I have an Encyclopaedia Britannica here in the lobby of the Empire State Building, which is the reason I am able to give Dostoevski his middle name.

Dr. Cordelia Swain Cordiner was invariably impressive and gracious when in the presence of grownups. She was elaborately dressed the whole tune she was in the mansion – in high-heeled shoes and fancy dresses and jewelry.

We heard her tell our parents one time: “Just because a woman has three doctors’ degrees and heads a testing corporation which bills three million dollars a year, that doesn’t mean she can’t be feminine.”

When she got Eliza and me alone, though, she seethed with paranoia.

“None of your tricks, no more of your snotty little kid millionaire tricks with me,” she would say.

And Eliza and I hadn’t done anything wrong.

She was so enraged by how much money and power our family had, and so sick, that I don’t think she even noticed how huge and ugly Eliza and I were. We were just two more rotten-spoiled little rich kids to her.
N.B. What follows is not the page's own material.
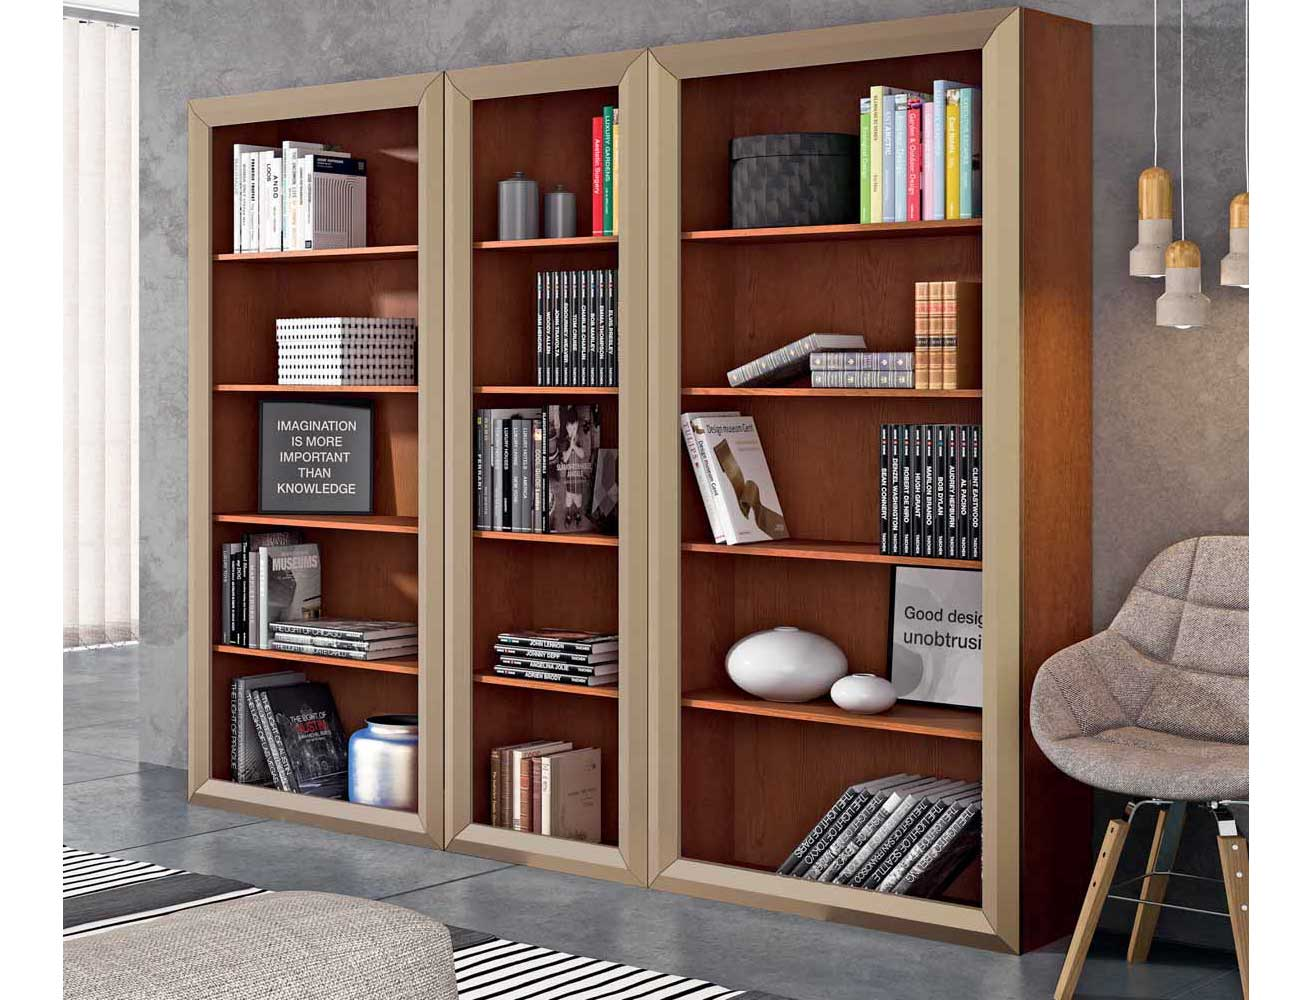 Torre libreria estanteria salon comedor mueble1

“I wasn’t born with any silver spoon in my mouth,” she told us, not once but many times. “Many was the day we didn’t know where the next meal was coming from,” she said. “Have you any idea what that’s like?”

“No,” said Eliza.

“Of course not,” said Dr. Cordiner.

And so on.

Since she was paranoid, it was especially unfortunate that her middle name was the same as our last name.

“I’m not your sweet Aunt Cordelia,” she would say. “You needn’t worry your little aristocratic brains about that. When my grandfather came from Poland, he changed his name from Stankowitz to Swain.” Her eyes were blazing. “Say ‘Stankowitz!’ “

We said it.

“Now say ‘Swain,’ ” she said.

We did.

And finally one of us asked her what she was so mad about.

This made her very calm. “I am not mad,” she said. “It would be very unprofessional for me to ever get mad about anything. However, let me say that asking a person of my calibre to come all this distance into the wilderness to personally administer tests to only two children is like asking Mozart to tune a piano. It is like asking Albert Einstein to balance a checkbook. Am I getting through to you, ‘Mistress Eliza and Master Wilbur,’ as I believe you are called?”